This isn’t new – women said the same thing back in 2011, when the Guttmacher Institute reported that only 8% of “unmet need” was due to lack of access or cost.  In other words, you can lead a woman to contraceptives, but you can’t make her use them.  What is important is the increased frankness among the architects of the “unmet need” concept about the fact that the phrase is (and always has been) an advocacy construct.  Summarizing the history of the concept, Cleland, Harbison, and Shah write:

“[S]upporters of the international family planning movement were obliged to demonstrate the existence of a need, or potential demand, for averting pregnancy in the poor, high-fertility countries of Africa, Asia, and Latin America and the Caribbean. … [T]he concept of unmet need has played an important role in family planning research, evaluation, and advocacy.  Unmet need has proved to be an invaluable bridge between a human rights and feminist approach to fertility control and a demographic–economic rationale.”

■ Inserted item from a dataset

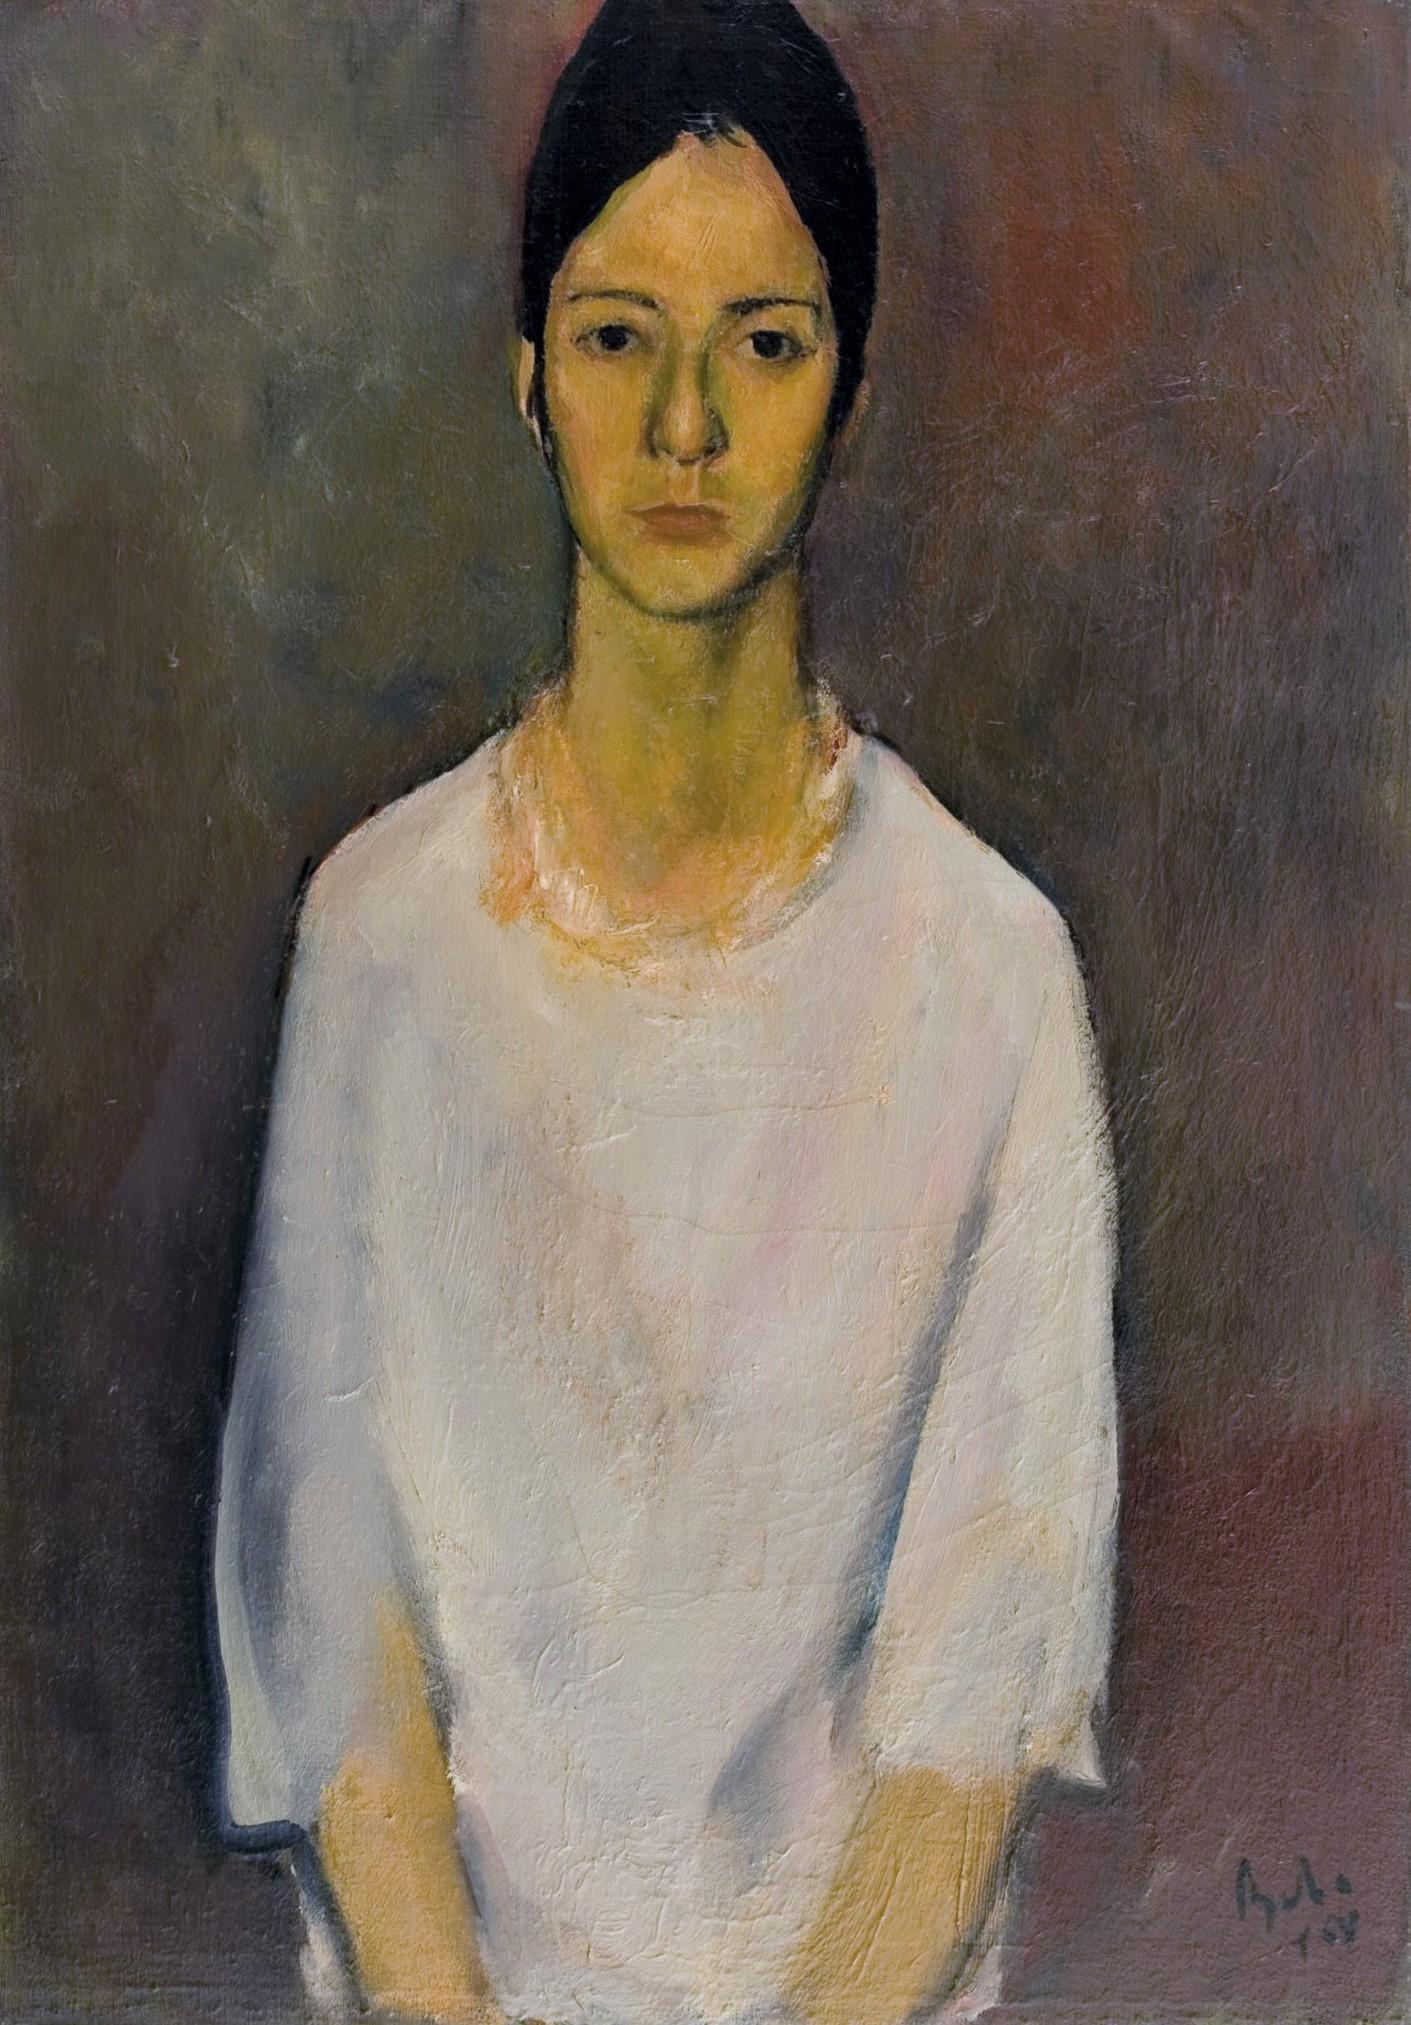 C. Baba - Portret de fata (Filona) - 1964

In a paper from the same series, Bradley and Casterline add that “unmet need” serves “as a conceptual bridge between concerns regarding population growth and the inability of women and couples to achieve their reproductive goals without coercion.”

Given the history of distrust between population controllers and feminists, this “invaluable bridge” is not trivial.  The common ground between their camps is essentially this: women have the right to control the number and spacing of their children, and must be able to access modern contraceptives to achieve their reproductive goals.  To the feminists, this is an assertion of women’s autonomy; to Malthusian population alarmists, it’s a less coercive way of achieving a reduction in population growth – at least as long as women’s desired fertility is sufficiently low.

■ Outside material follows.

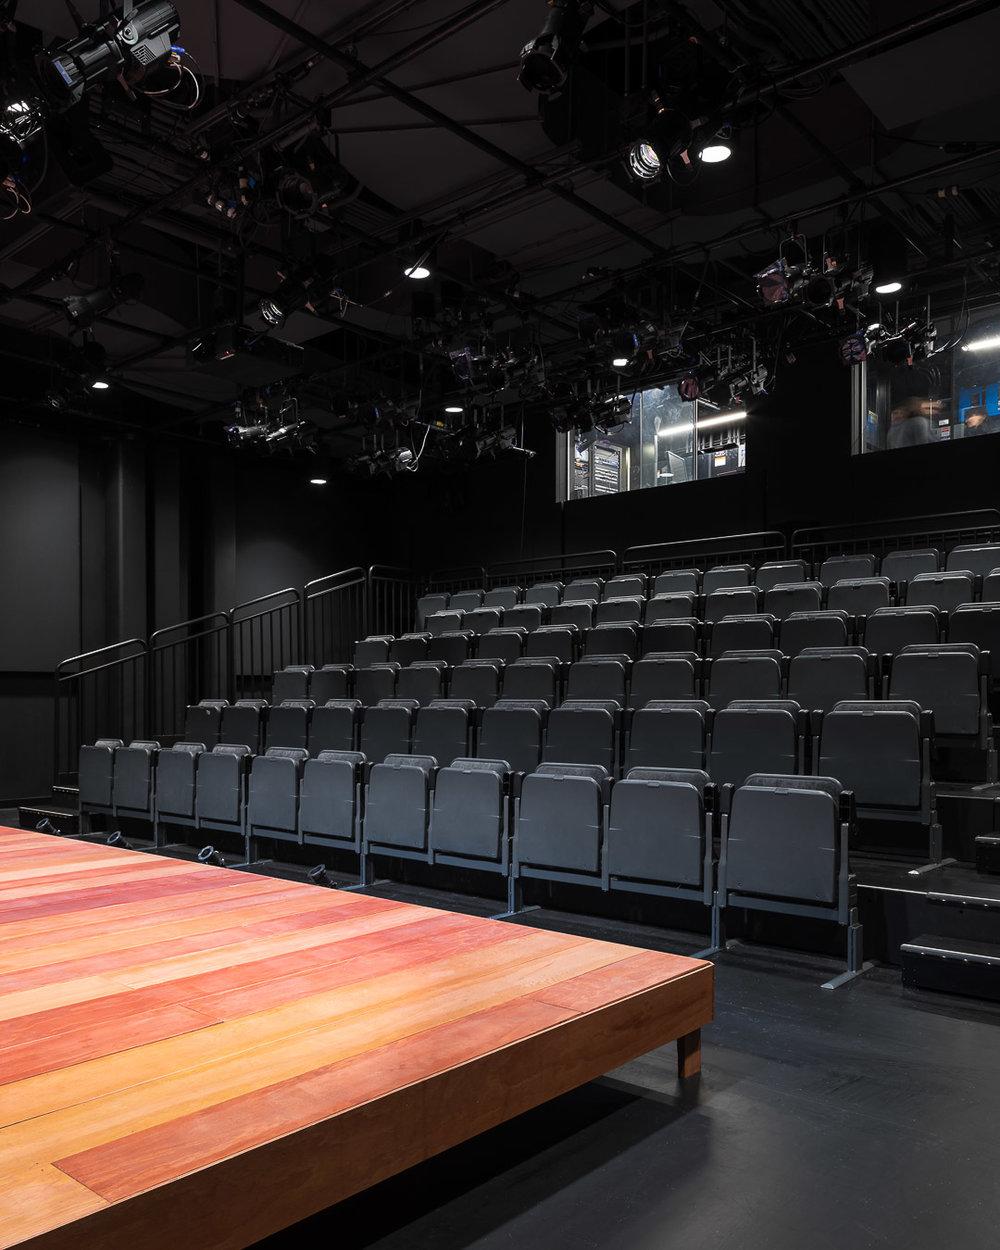 052-Zeidler Ryerson School of Performance-Edit.jpg

To feminist groups, particularly those in the Global South, there remains some skepticism toward population groups’ exuberant interest in giving women what they want.  Simply, the people having the most children are not the ones consuming the most resources.  When North American and European elites encourage women in developing countries to have fewer children – and generously provide them with the means to reduce their fertility – in the name of catastrophic climate change, it’s hard not to be a bit cynical.

The irony of this position was evident at the 2012 Women Deliver conference, where a group of experts were flown across the world to a developing country to hold court in a luxurious convention center.  During a lunch plenary session, the air conditioning was so efficient at keeping the outside tropical climate at bay that the audience shivered and several panelists expressed their discomfort – not only with the cold, but with the knowledge of how much energy was being expended to produce it.  Princeton ethics professor Peter Singer then tossed out the loaded hypothetical question of whether concerns about overpopulation could potentially end up trumping women’s right to have the number of children that they want (More description of the panel discussion here).

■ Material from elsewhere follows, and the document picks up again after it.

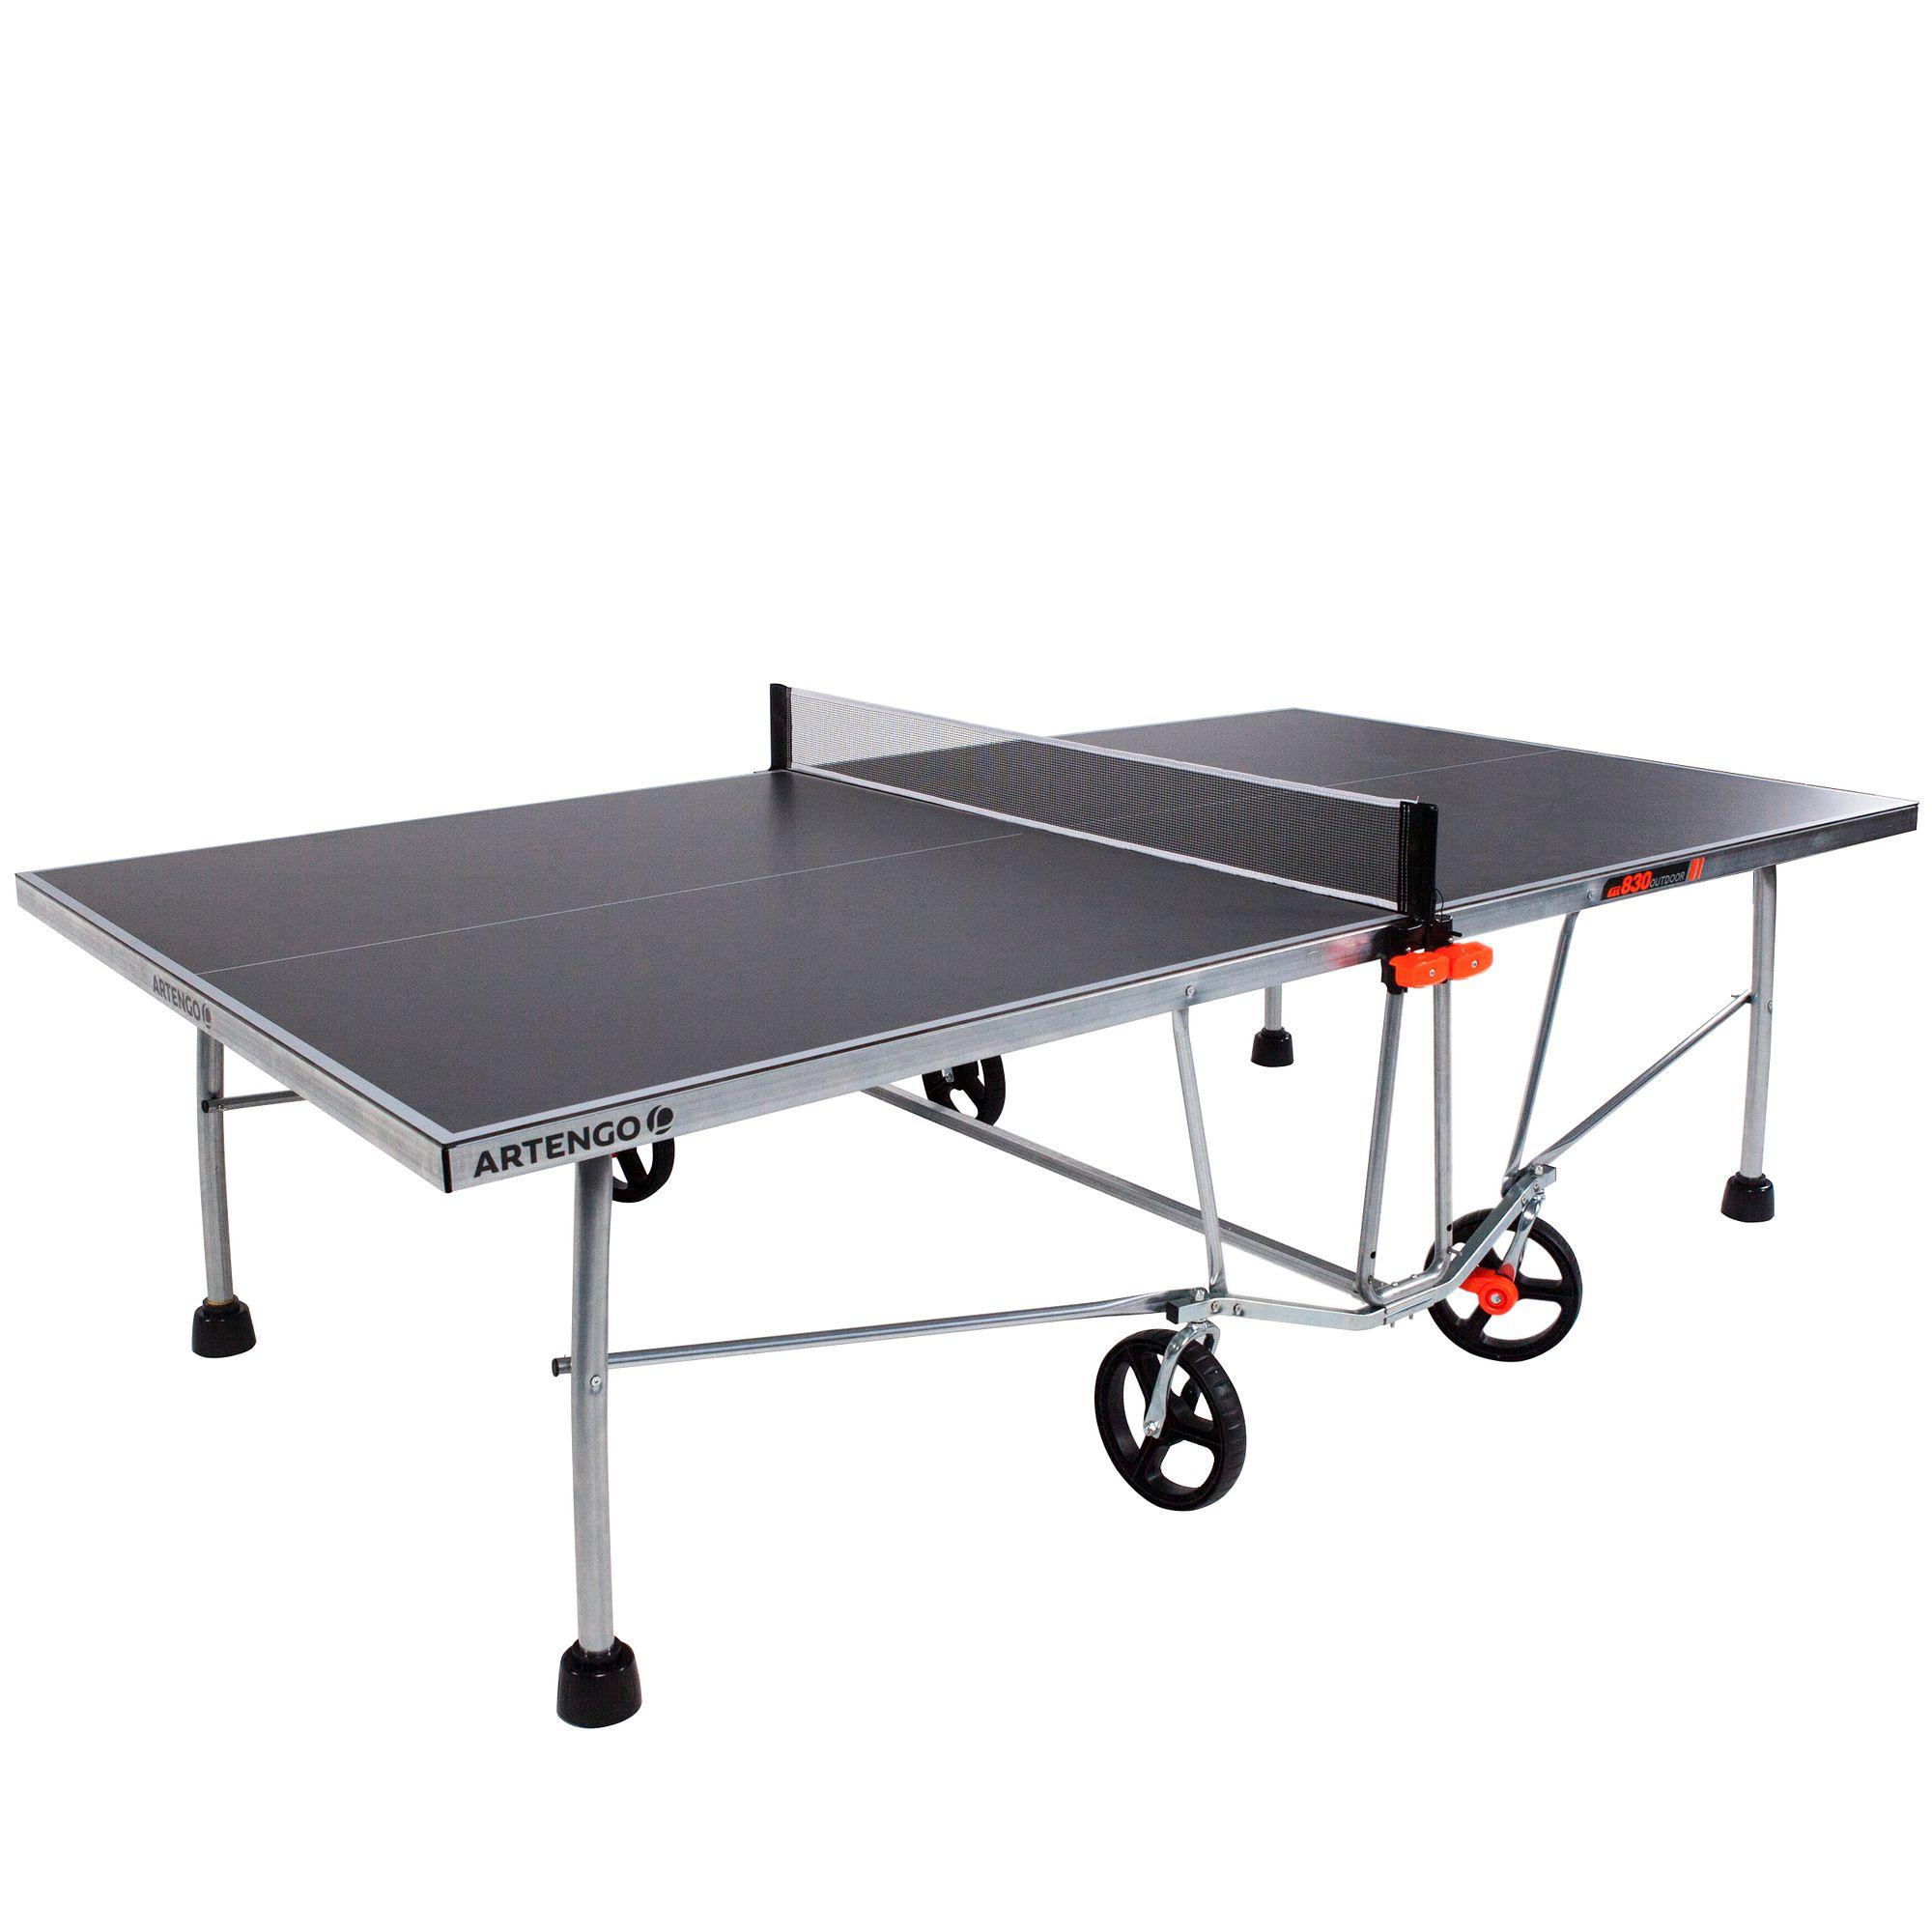 TABLE DE PING PONG  ARTENGO FT 830 Outddor

Feminist groups could get behind the “unmet need” concept as long as it was about giving women the means to achieve their goals.  Population alarmists were content to frame the push for contraceptive access in terms of women’s rights as long as the exercise of those rights resulted in fertility reduction.  But Singer’s hypothetical question – and the highly-charged discussion it triggered – demonstrates how shaky the “bridge” between the two groups really is.

And it’s about to get shakier, now that advocacy groups are losing “lack of access” as a compelling argument.  It’s not very hard to ask for money in the name of giving poor women something they allegedly want and don’t have.  It’s quite a bit harder to convince people to give you money to essentially reprogram women in the developing world to value having children less and ingest pharmaceuticals about which they have legitimate health concerns.

For twenty years, population control groups have taken refuge behind the “unmet need” label – a label that has been widely if incorrectly reworded as “lack of access” to great effect by activists.  In the words of Cleland and colleagues:

 “At the 1994 International Conference on Population and Development, addressing unmet need replaced fertility reduction as the central justification for investment in family planning. Its legitimacy was further strengthened in 2007 when it was added as an indicator to the Millennium Development Goals (MDGs) and again in 2012 at the London Summit on Family Planning.”

The relevant goal is MDG 5B, which is to “Achieve, by 2015, universal access to reproductive health.”  This target was a controversial late addition to the MDGs in 2005, and once again its focus is on access, with “unmet need” as one of its indicators.

The question now becomes: can the “unmet need” brand maintain its legitimacy as it attempts to pivot from a provision-of-access model to a behavior-change model, and will it lose support from feminists (especially those in developing countries) as it becomes harder to disguise the fertility reduction agenda that’s been lurking there along?


Why Are We Killing Children With Down Syndrome?

Posted on | July 2, 2014 by Stefano Gennarini, J.D.

A new paper from Mark Bradford, president of the Jérôme Lejeune Foundation USA, one of the world’s leading organizations that help children with down syndrome and their families, details how children with Down syndrome are being exterminated, and what policies could help end this inhumane form of violence and discrimination. You can read the paper published by the Charlotte Lozier Institute here.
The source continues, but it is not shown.